Colombia Cauca Inza Vereda Project

Flavor notes from complex sugars to clean fruited hints, like apple, Monukka raisin, dried fig, pumpkin pie with whipping cream, and a honeyed flavor that hangs on in the aftertaste.

This Direct-Trade coffee from Inzá is made up of coffees from few neighboring producers in different villages in Inzá as micro-regional blend. (“Vereda” being the equivalent of a small neighborhood, or village). Sweet Maria’s local team in Colombia organizes farmers and provides the logistics from the local warehouses in the coffee-producing zones, through dry-milling and export. A lot of the work happens in the cupping. More room(s), local labs and the main one in Medellin, as well as at the Headquarter cupping room in Oakland. It’s important to make a distinction between the way we work in a country like Colombia, and the majority of Colombian coffee imported into this country. By this method, the farmers are fairly paid, far more than the so-called Fair-Trade price. Such project coffee practice of Sweet Marias has established for over a decades, one of the best example of what Direct-Trade is about.

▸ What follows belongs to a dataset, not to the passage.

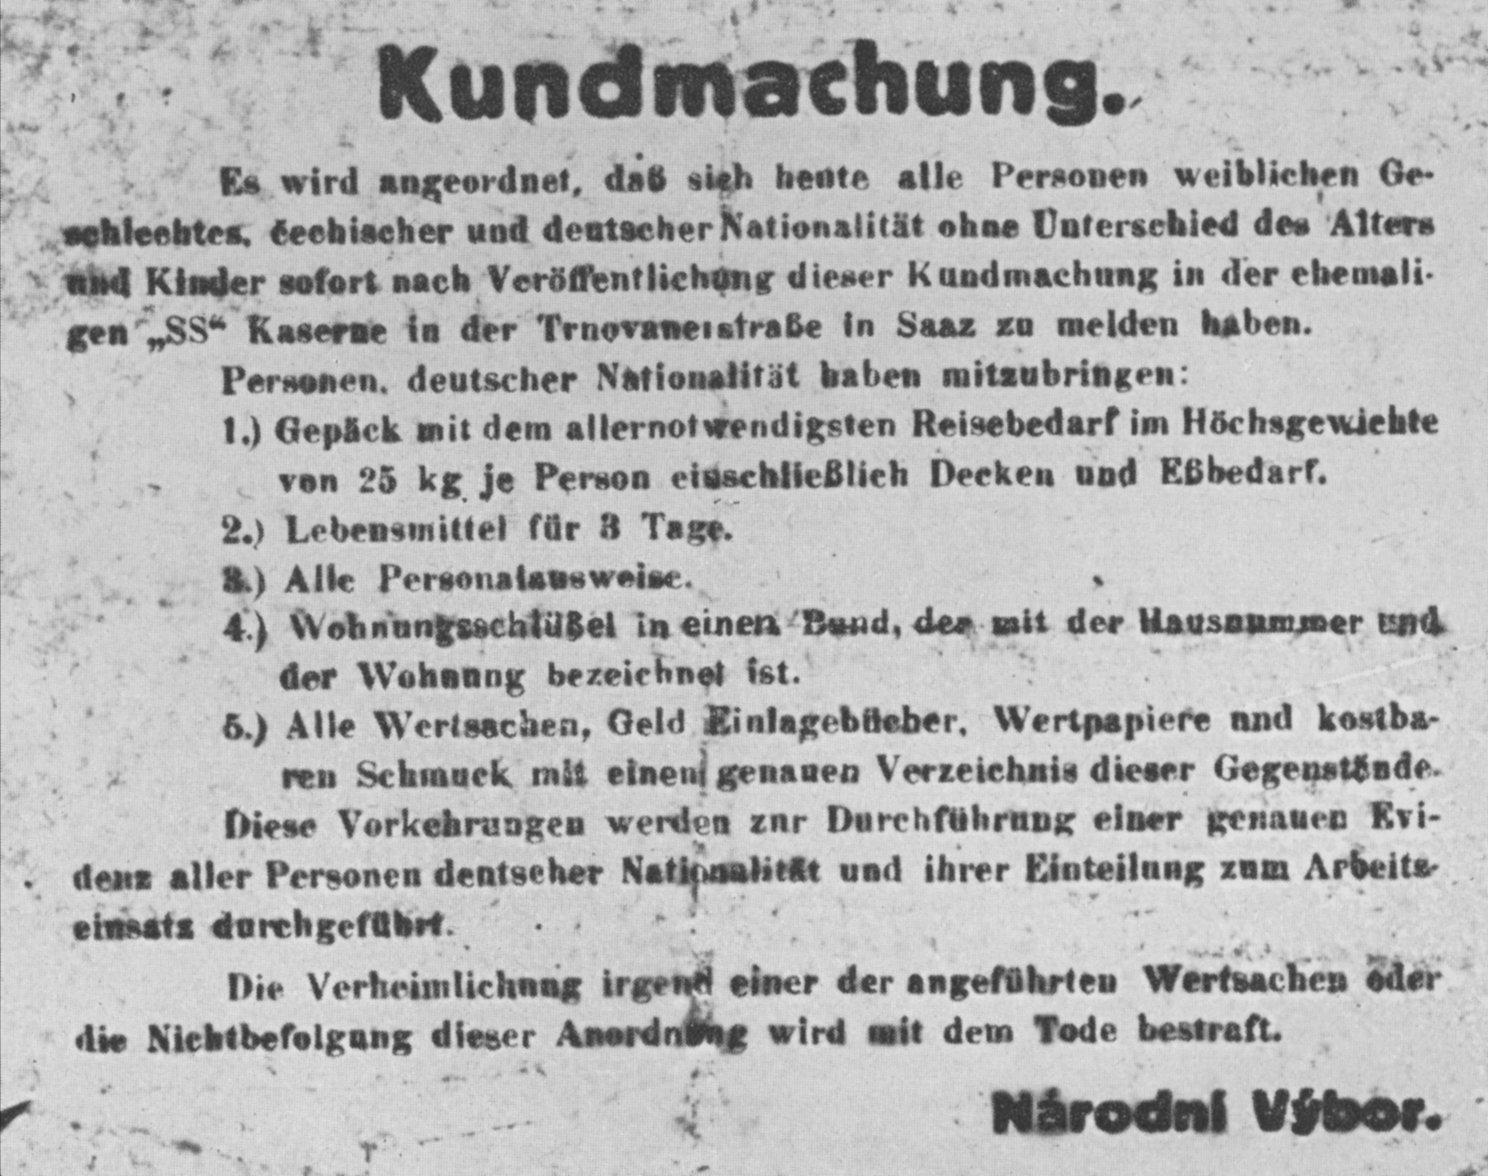 https://i0.wp.com/de.metapedia.org/m/images/6/62/Dokumente_zur_Austreibung_der_Sudetendeutschen_-_Kundmachung.jpg

The province of Inzá is located in Southwestern Colombia within the greater Department of Cauca. As you make the drive from La Plata to Inzá, you follow the Rio Páez, and an eventual crossing over a suspension bridge lands you on the road to the the villages whose coffees make up this blend. Like much of Colombia, Cauca is home to some very high altitude farms, many breaching the 2000 meter mark, the coffee from this lot harvested from an altitude range of about 1750 to 1900 meters.

The way we make up these regional blends is by cupping several samples from the individual farms, separating out those that meet a certain cup criteria, and then blending them together. It’s a great benefit to us (and not to mention the cup) having this level of quality control with our Colombian blends.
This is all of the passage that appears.